Cuban President denounces the impact of the blockade on the worsening energy situation in the country

On Wednesday, May 14, 2026, Cuban President Miguel Díaz-Canel Bermúdez, who also serves as First Secretary of the Central Committee of the Communist Party of Cuba, took to his official social media accounts to address the rapidly escalating crisis facing the island nation’s national power grid. In his public statement, he painted a stark picture of the current energy situation, confirming that peak-hour power deficits are projected to exceed 2,000 megawatts on the day of his announcement.

Díaz-Canel left no ambiguity about the root cause of the crisis, attributing the dramatic deterioration of Cuba’s energy security entirely to longstanding U.S. trade restrictions. He labeled the restrictions a “genocidal energy blockade” that Washington imposes on Cuba, noting that the U.S. actively threatens third-party nations that supply Cuban fuel imports with harsh, unjustified tariffs. As a concrete example of the blockade’s immediate impact, the president revealed that fuel shortages directly caused by American restrictions cut 1,100 megawatts of available generation capacity from Cuba’s grid on that same Wednesday alone.

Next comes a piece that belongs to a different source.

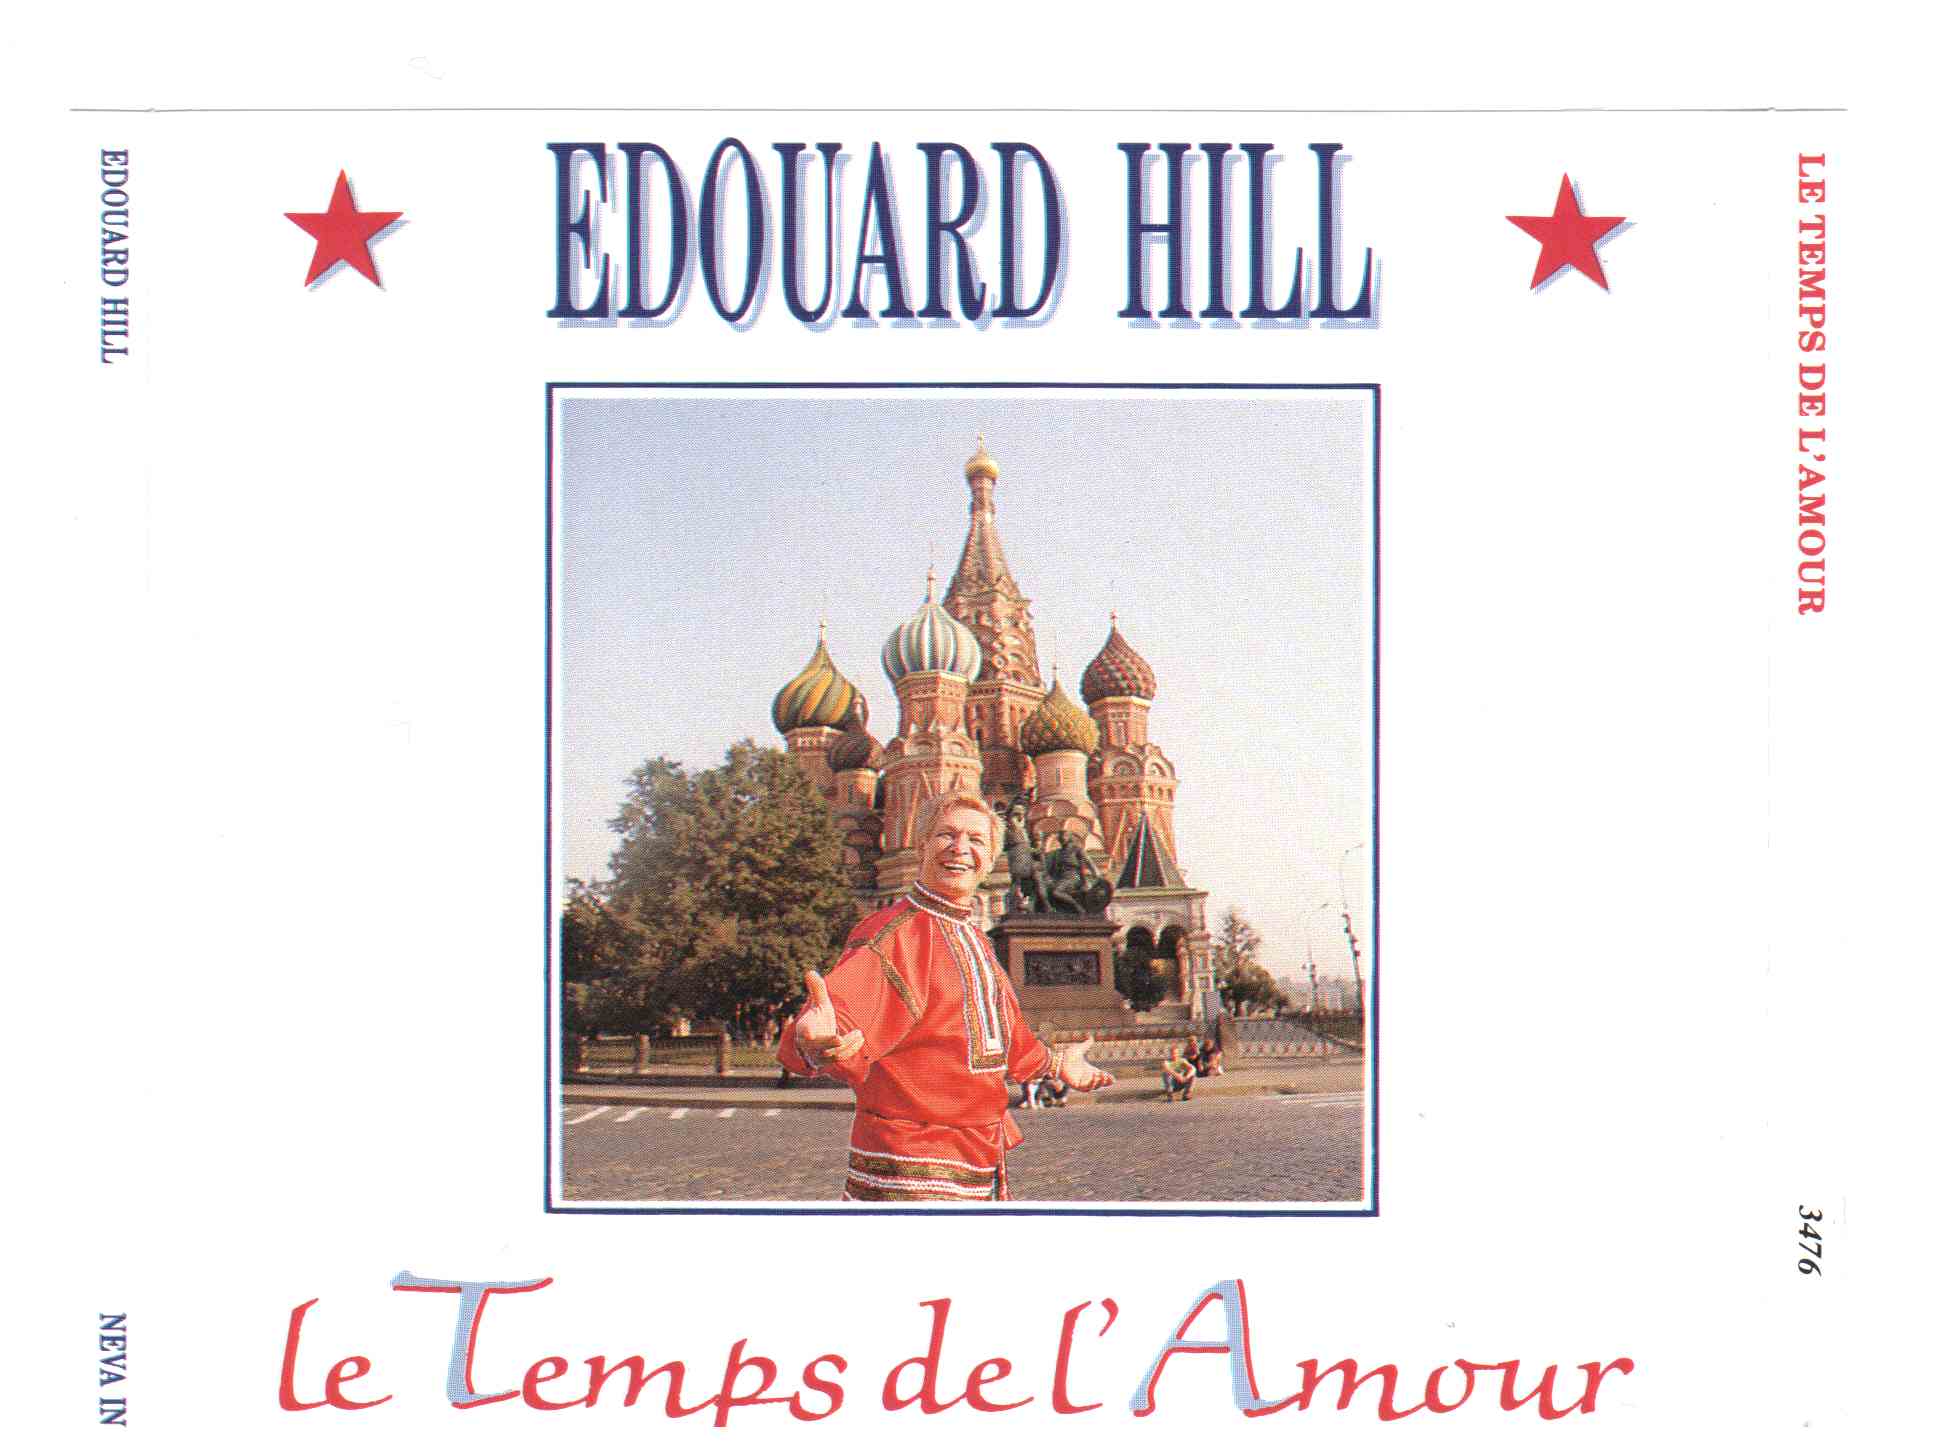 Le temps de l amour. Компакт диск Москва златоглавая 2003 год. Москва златоглавая текст.

To further back his claim, Díaz-Canel pointed to a marked improvement in power services across the island back in April. He explained that the arrival of just one additional fuel cargo vessel — out of the minimum eight vessels Cuba requires each month to meet domestic energy demand — was enough to cut power deficits and reduce widespread blackouts. While outages did not disappear entirely during that period, their frequency and severity were significantly mitigated, offering clear proof of how fuel access directly shapes Cuba’s energy outlook.

The president also addressed recent commentary from U.S. media outlets aligned with Washington’s aggressive policy agenda toward Cuba. He noted that even these outlets, which have long backed American pressure on the island, have been forced to acknowledge the remarkable resilience of the Cuban people in the face of systemic economic pressure. Despite sweeping measures designed to cripple Cuba’s economy and energy sector, the nation has not collapsed, and remains far from what the U.S. has attempted to frame as a failed state. This forced admission, Díaz-Canel argued, indirectly confirms that Cuba’s ongoing crisis is the product of deliberate American economic warfare and targeted energy persecution, not domestic policy failure.

Díaz-Canel went on to reframe the narrative pushed by U.S. government spokespeople, who often attribute Cuban hardship to mismanagement by Havana. In reality, he explained, the crisis stems from a deliberate, perverse strategy designed to push everyday Cuban citizens to breaking point, amplifying scarcity and hardship to stoke unrest against the country’s government. He recalled that more than 60 years of economic blockade, plus 243 additional restrictive measures implemented during the Trump administration, failed to break the Cuban Revolution. This failure led the U.S. to ramp up pressure, implementing new executive orders designed to cut off all fuel supplies to the island, and penalize any third-party entity that engages in trade or investment with Cuba. The core goal of this scheme, he emphasized, is to inflict collective suffering on the Cuban people, holding them hostage to force political change.

Looking back at a brief period of eased restrictions several years ago, the Cuban president noted that this short window offered unambiguous proof of how both Cuban and American people, and bilateral trade relations, would benefit from ending the long-running draconian blockade. That potential improvement, he added, is exactly what a small clique of far-right U.S. extremists who control American policy toward Cuba fear. These actors deliberately spread misinformation about conditions on the island, and continuously push for harsher restrictions and greater threats against the Cuban people.

Closing his statement, Díaz-Canel reaffirmed Cuba’s longstanding position: the nation remains open to equal, mutually respectful dialogue with the United States, but will continue to resist external pressure and build domestic prosperity regardless. “We are increasingly convinced that we must overcome these enormous difficulties through our own collective efforts, united as a single nation, and resolute in the face of even the toughest challenges,” he said.